On this basis, obtain the student achievement information. Student scores can be collected in a number of ways. In this paper, the following methods are used for collection and evaluation:(1)Classroom status information: this information shows the mood and attitude in learning. By the method of teacher evaluation to show the students' participation and preparation, at the same time, the data is retained.(2)Homework information: this information is one of the most intuitive data for grade evaluation. The system can record the speed of writing homework and the situation of wrong questions, and it can directly show the degree of learning students. At the same time, the system reduces the amount of teachers’ tasks. They only need to check the subjective questions, after which the review results are automatically stored in the database, which the students and teachers can view.(3)Test information: test information is similar to homework information, which can directly reflect the learning situation and play a good feedback role.
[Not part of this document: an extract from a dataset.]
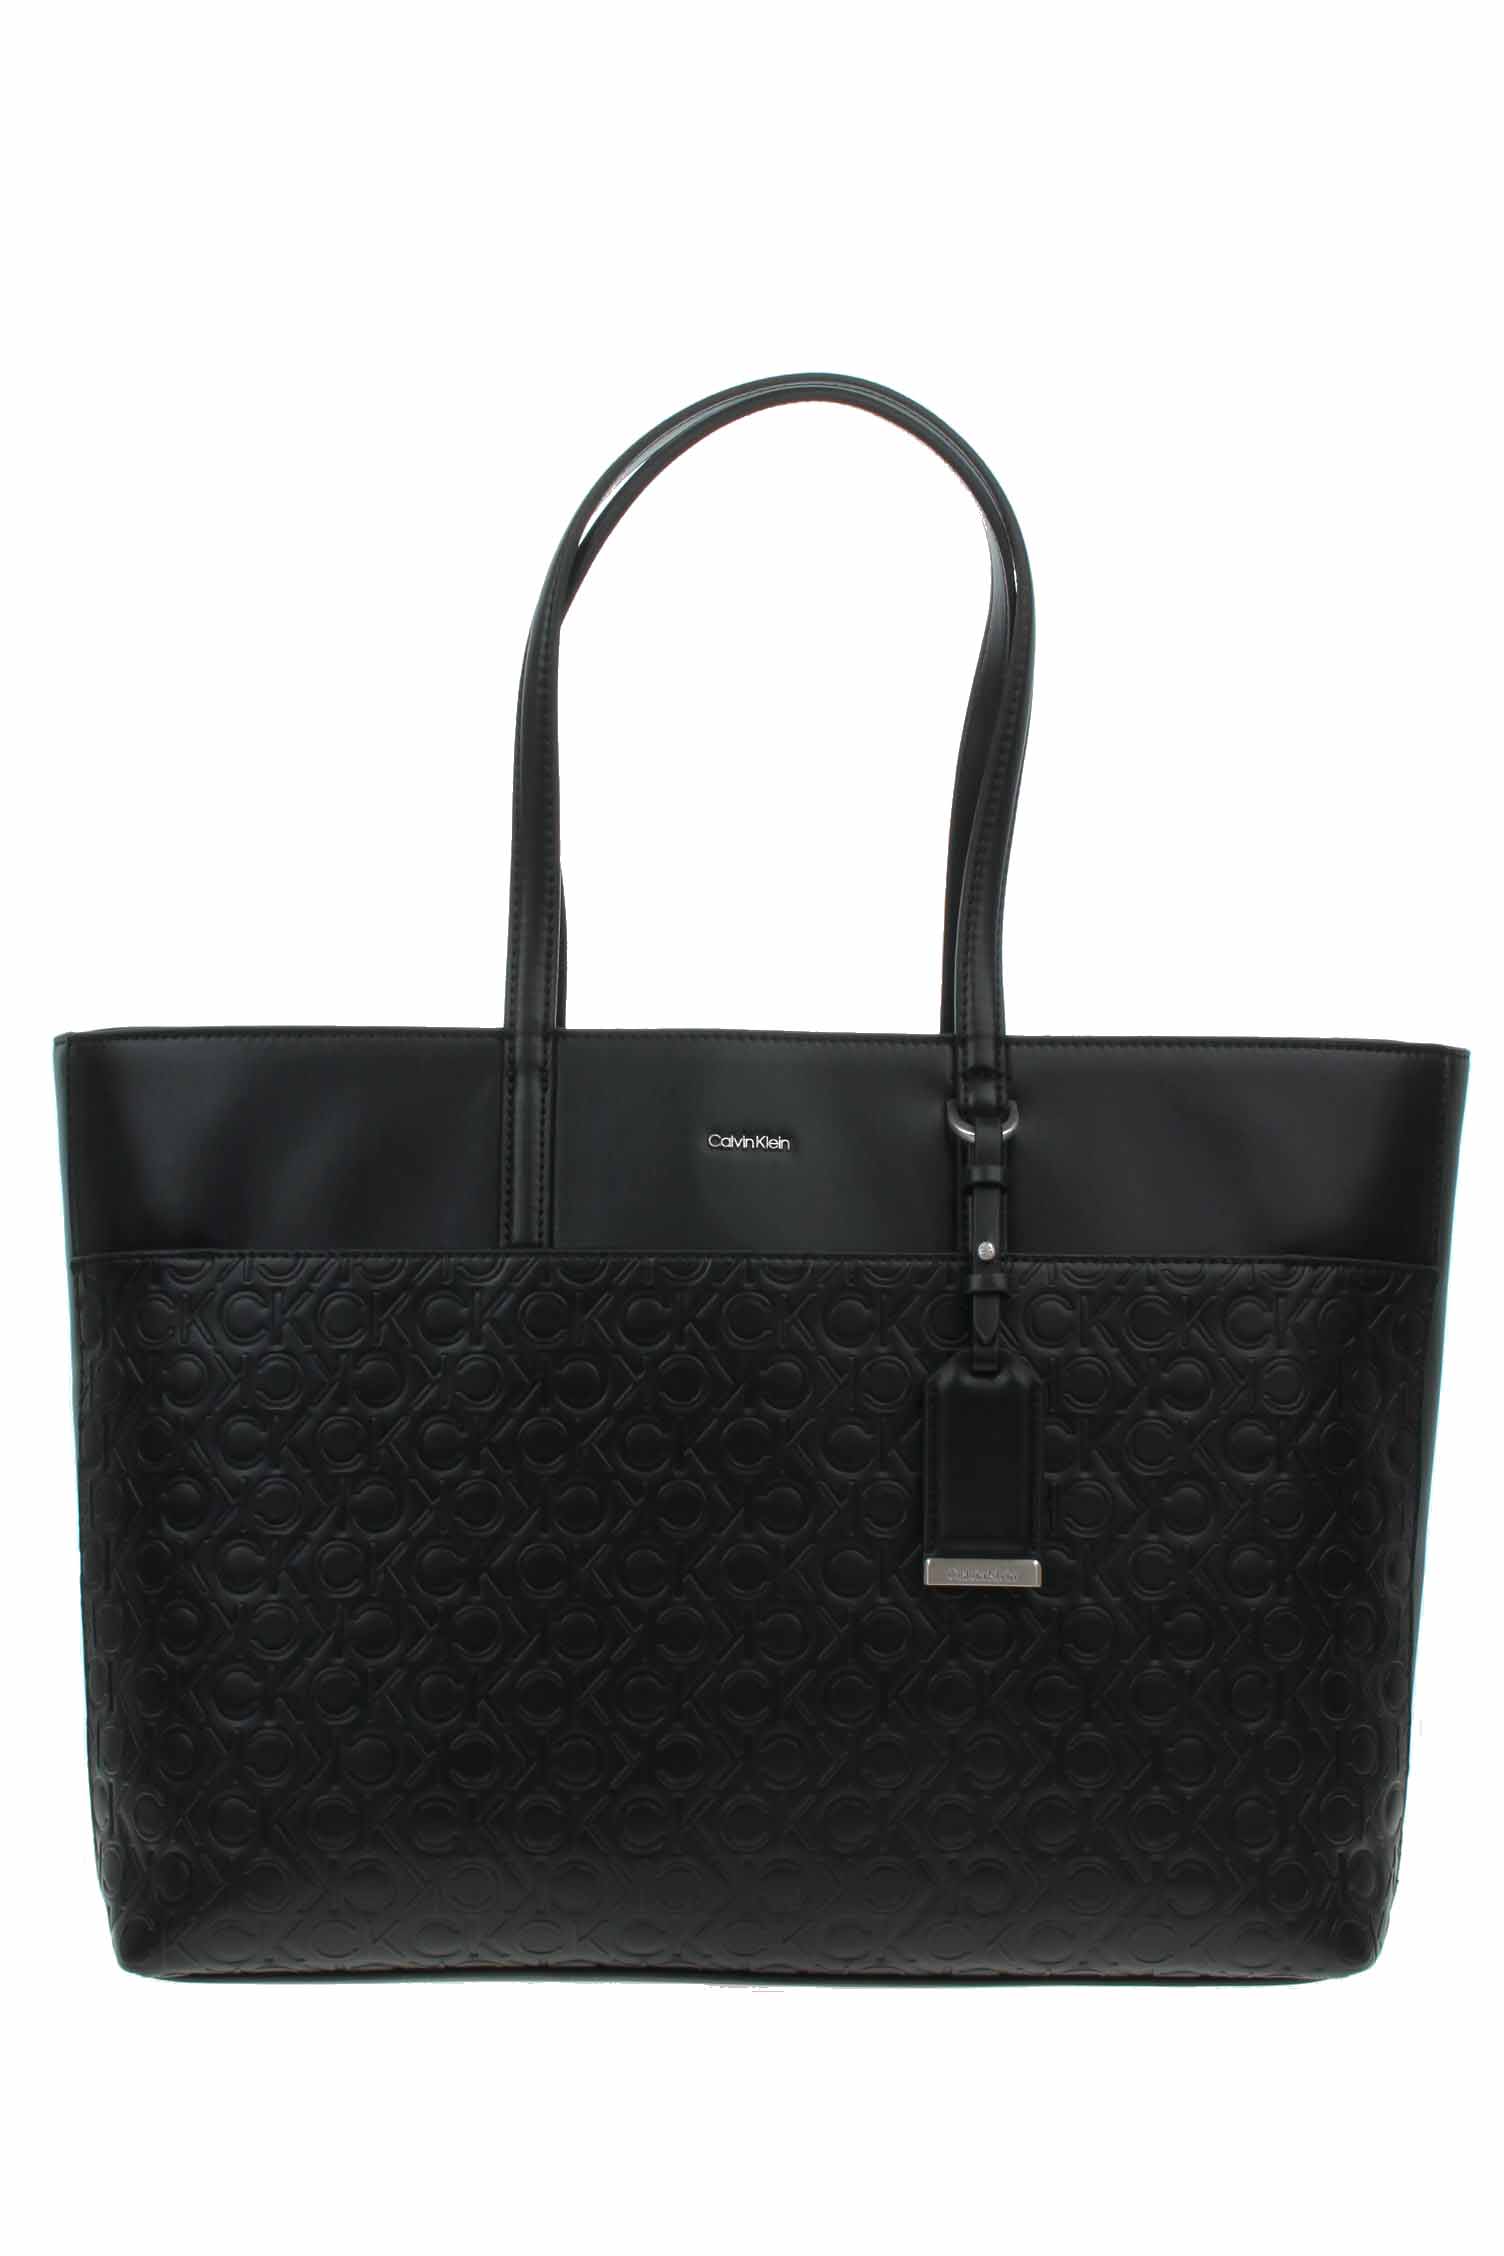 Calvin Klein dámská kabelka K60K610924 Ck Black velikost 1

Students complete the exam using the online test submodule, which is corrected by the instructor and recorded in the database.(4)Social performance information: this information is the embodiment of students’ comprehensive quality. The evaluation results of students’ social performance can show the results of students’ comprehensive development. Social performance is a way to examine students’ comprehensive ability. After setting the relevant content of social performance in the system, the score can be directly matched with the set.

All the data of teaching evaluation and feedback of higher education system can be obtained using the above methods, and the teaching evaluation and feedback can be completed using the processing process shown in Figure 5.

The page of higher education system based on parallel association rule algorithm is shown in Figure 6.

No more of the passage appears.